DISPLAY_DELIMITER = "$$"
BEGIN
latex ← mathExpr.latex
// Determine if expression should be display or inline
isDisplayMath ← ShouldBeDisplayMath(mathExpr)
IF isDisplayMath THEN
mmd ← DISPLAY_DELIMITER + "\n" + latex + "\n" + DISPLAY_DELIMITER
ELSE
mmd ← INLINE_DELIMITER + latex + INLINE_DELIMITER
END IF
RETURN mmd
END
SUBROUTINE: ShouldBeDisplayMath
INPUT: mathExpr (MathExpression)
OUTPUT: isDisplay (bool)
BEGIN
// Display math if:
// 1. Contains fractions or large operators
// 2. Tree height > 2
// 3. Width > threshold
hasFractions ← mathExpr.latex.contains("\\frac")
hasLargeOps ← mathExpr.latex.contains("\\sum") OR
mathExpr.latex.contains("\\int") OR
mathExpr.latex.contains("\\prod")
isTall ← mathExpr.tree.height > 2
isWide ← mathExpr.symbols.len() > 10
RETURN hasFractions OR hasLargeOps OR isTall OR isWide
END
COMPLEXITY ANALYSIS:
Time: O(n) where n = LaTeX string length
Space: O(n) for output string
4.3 MathML Generation
ALGORITHM: GenerateMathML
INPUT: tree (ExpressionTree)
OUTPUT: mathml (String)
BEGIN
xml ← XMLBuilder::new()
xml.start_element("math", [("xmlns", "http://www.w3.org/1998/Math/MathML")])
RecursiveGenerateMathML(tree.root, xml)
xml.end_element("math")
RETURN xml.to_string()
END
SUBROUTINE: RecursiveGenerateMathML
INPUT: node (Box<TreeNode>), xml (XMLBuilder)
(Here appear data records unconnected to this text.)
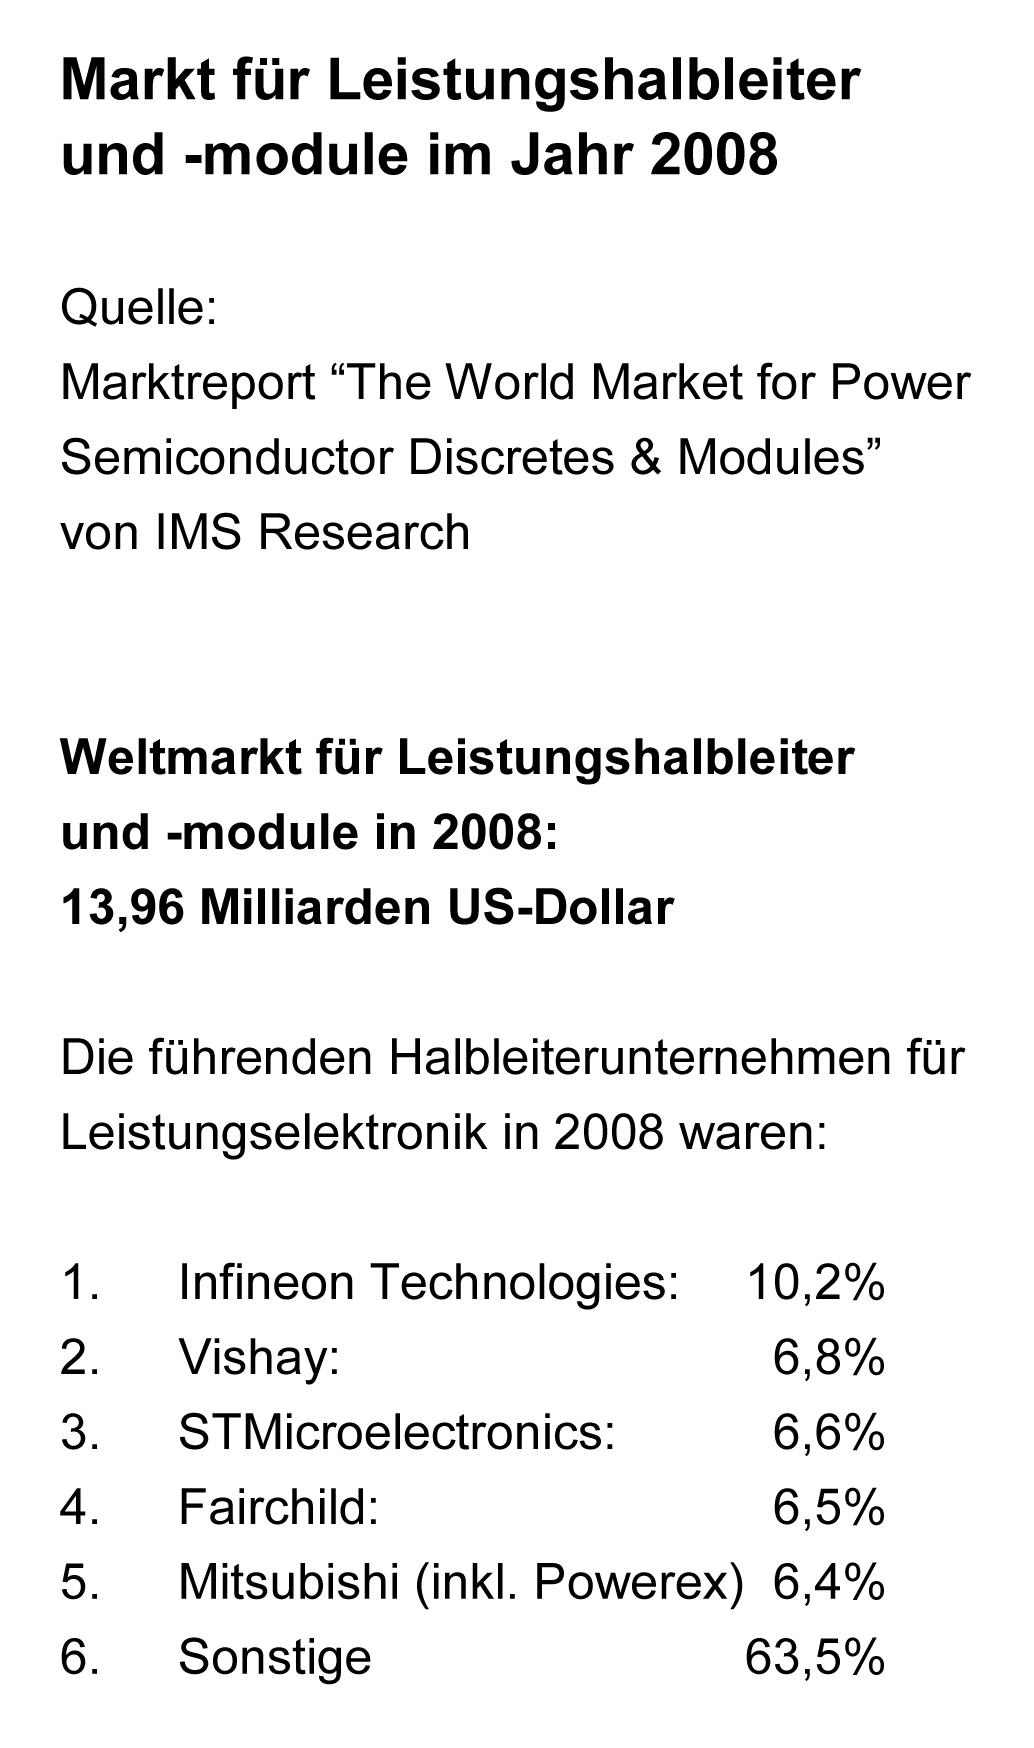 Infineon ist Nummer 1 bei Leistungshalbleitern und wächst erneut ...
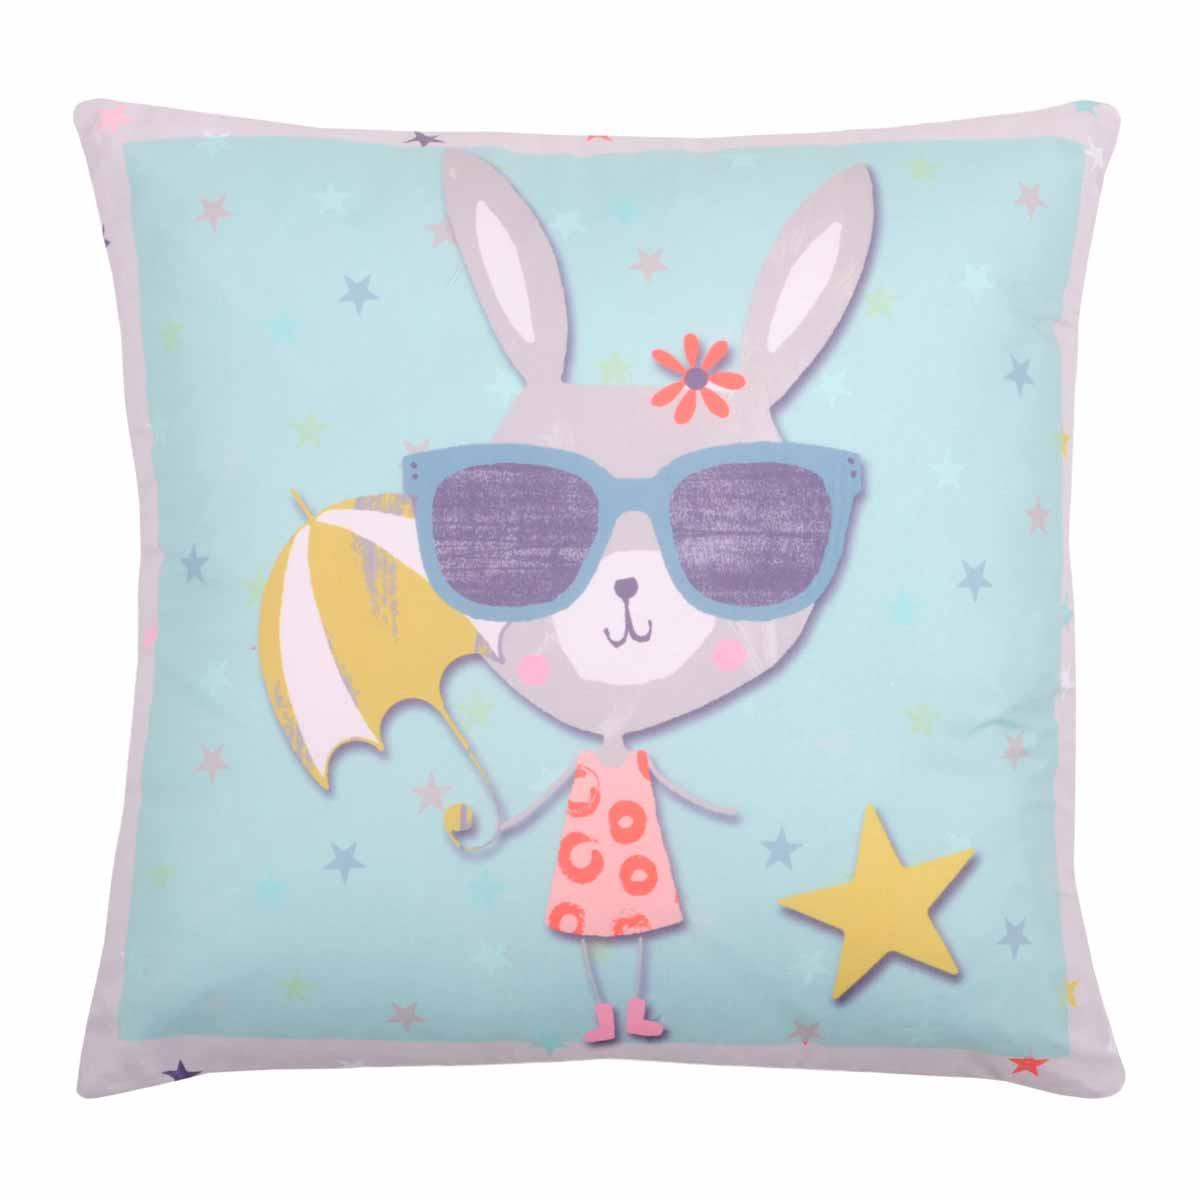 Διακοσμητικό Μαξιλάρι Luce Bleu C08876001 home   παιδικά   διακοσμητικά μαξιλάρια παιδικά
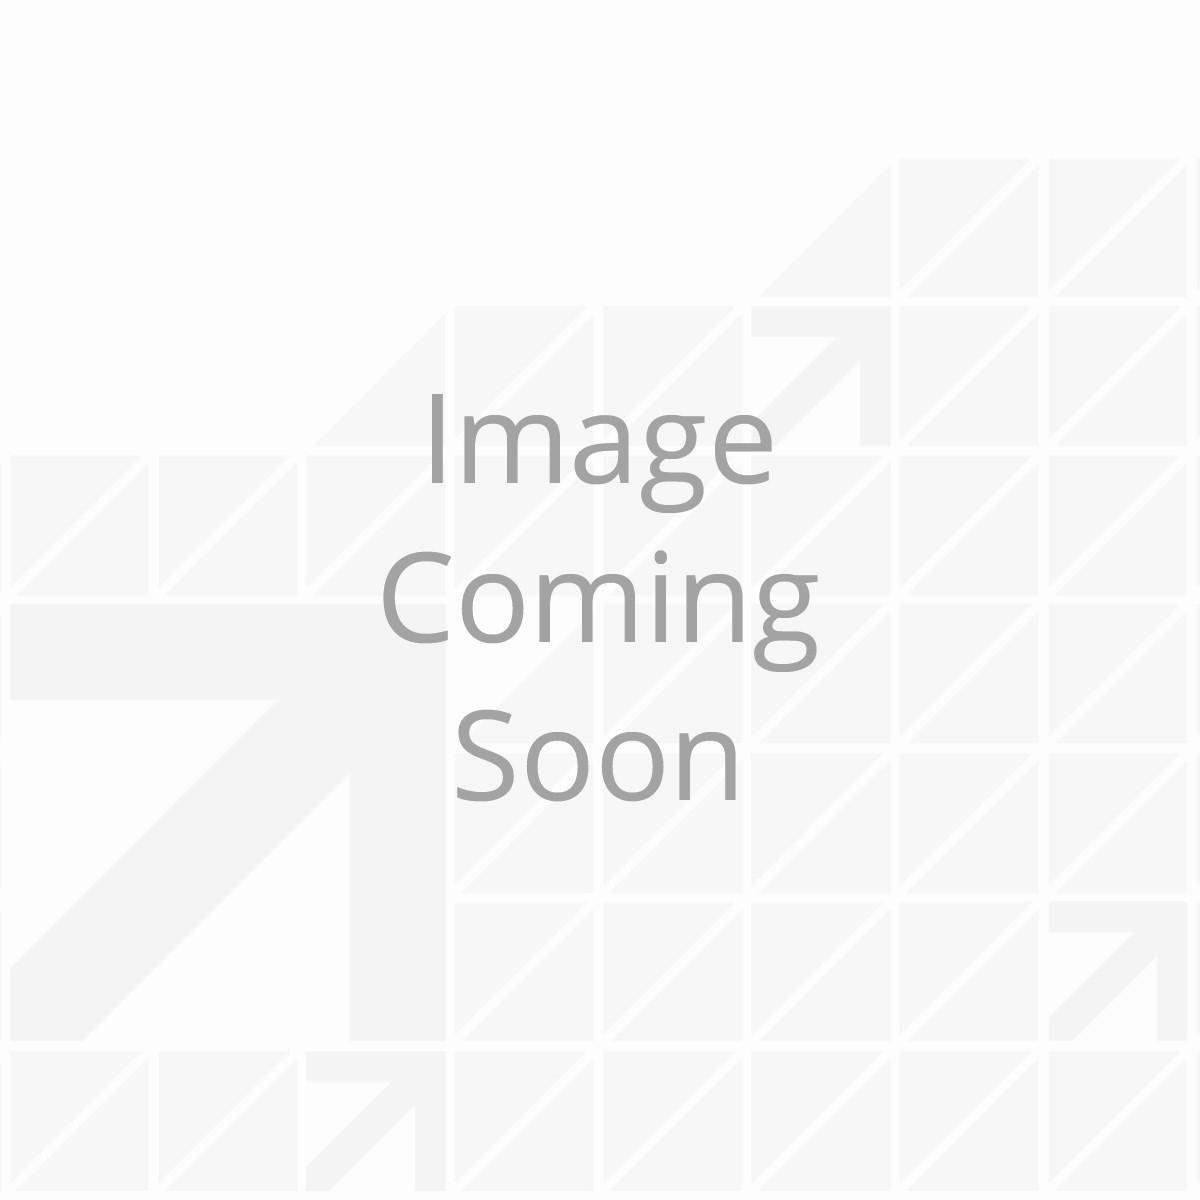 106185_Axle-Hanger_001
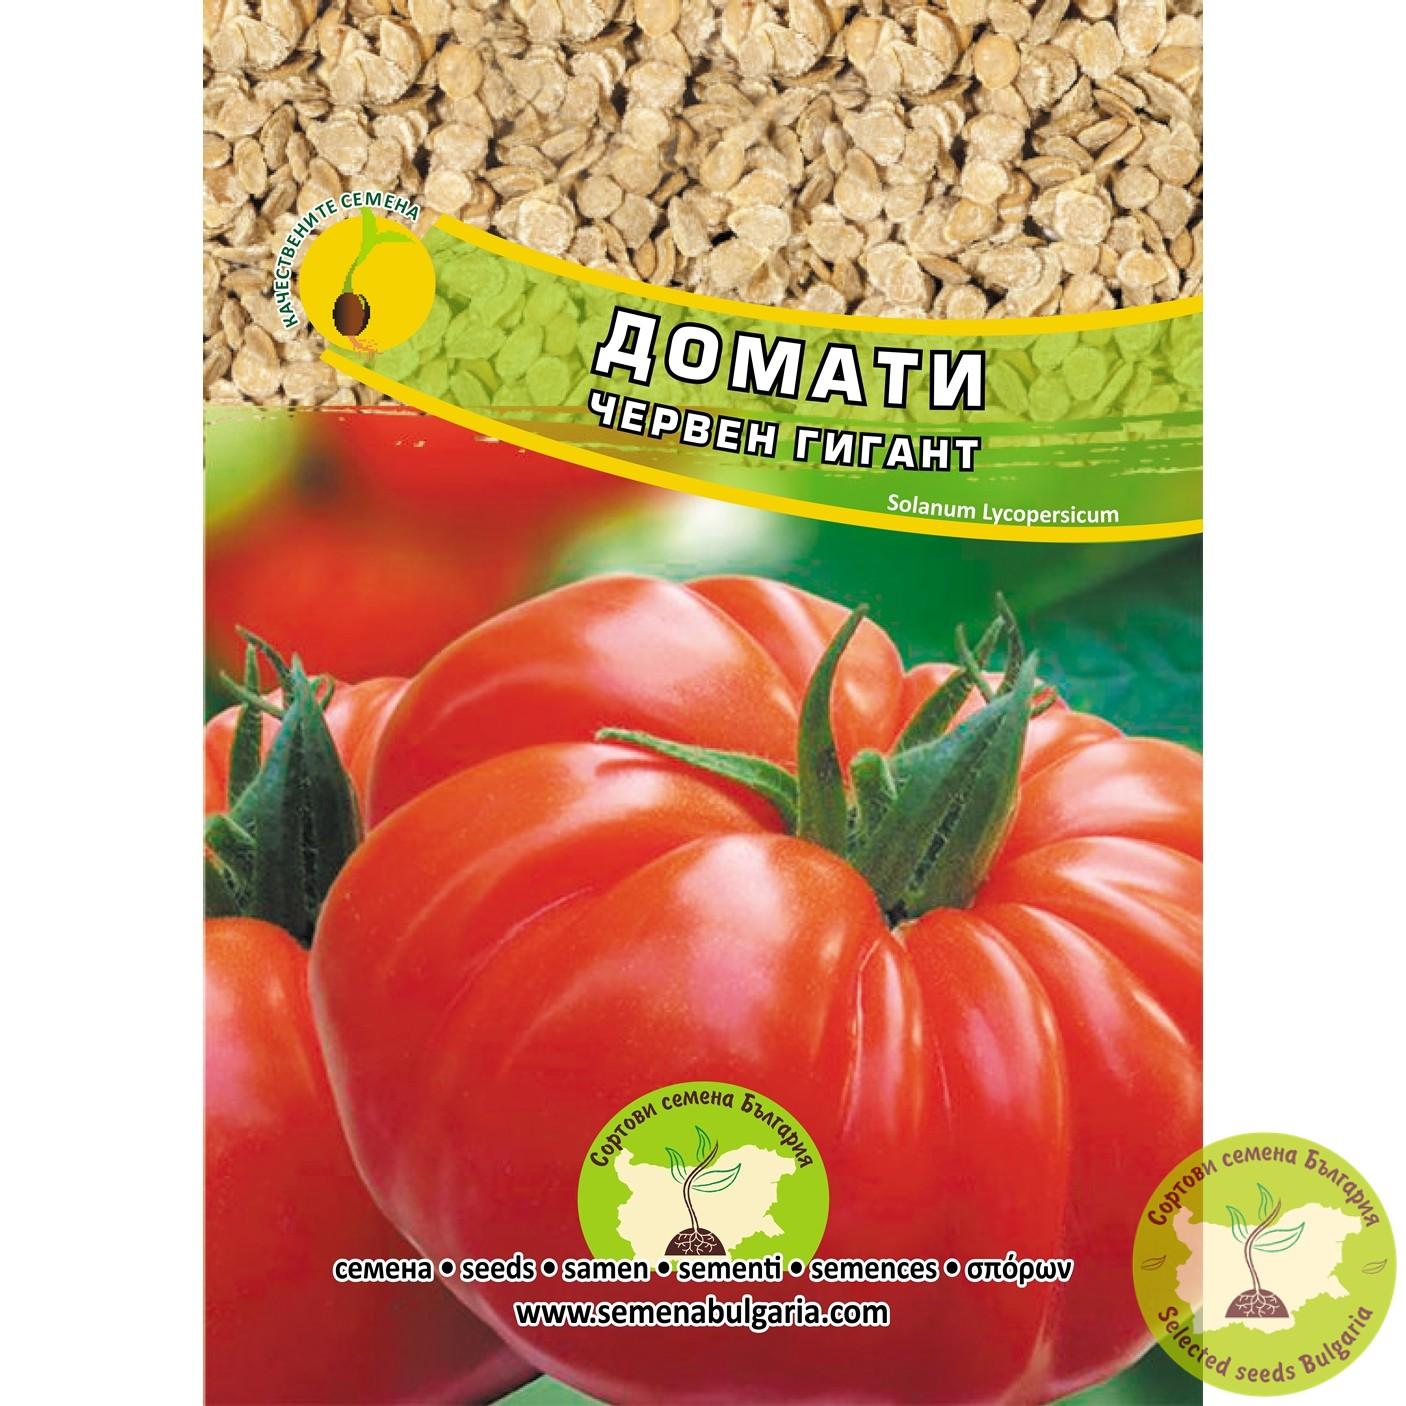 Семена домати Червен гигант

OUTPUT: None (modifies xml)
BEGIN
symbol ← node.symbol
// Determine MathML element type
MATCH symbol.symbol_type:
Digit OR Letter →
xml.element("mi", symbol.value)
Operator →
xml.element("mo", symbol.value)
Special →
HandleSpecialSymbol(symbol, xml)
END MATCH
// Handle relationships
IF HasSuperscript(node) THEN
xml.start_element("msup")
RecursiveGenerateMathML(GetBase(node), xml)
RecursiveGenerateMathML(GetSuperscript(node), xml)
xml.end_element("msup")
ELSE IF HasSubscript(node) THEN
xml.start_element("msub")
RecursiveGenerateMathML(GetBase(node), xml)
RecursiveGenerateMathML(GetSubscript(node), xml)
xml.end_element("msub")
ELSE IF HasFraction(node) THEN
xml.start_element("mfrac")
RecursiveGenerateMathML(GetNumerator(node), xml)
RecursiveGenerateMathML(GetDenominator(node), xml)
xml.end_element("mfrac")
END IF
// Process right children
FOR EACH child IN GetRightChildren(node) DO
RecursiveGenerateMathML(child, xml)
END FOR
END
COMPLEXITY ANALYSIS:
Time: O(n) tree traversal
Space: O(n) for XML string
4.4 HTML Rendering
ALGORITHM: GenerateHTML
INPUT: mathExpr (MathExpression)
OUTPUT: html (String)
BEGIN
// Use KaTeX or MathJax for rendering
latex ← mathExpr.latex
html ← """
<div class="math-expression" data-confidence="{mathExpr.confidence}">
<script type="math/tex">
{latex}
</script>
</div>
"""
// Add accessibility attributes
html ← AddAriaLabels(html, mathExpr)
RETURN html
END
COMPLEXITY ANALYSIS:
Time: O(n) string concatenation
Space: O(n) output size
5. Batch Processing
5.1 Parallel Batch Processing
ALGORITHM: ProcessBatch
INPUT: inputs (Vec<InputSource>), config (ProcessConfig)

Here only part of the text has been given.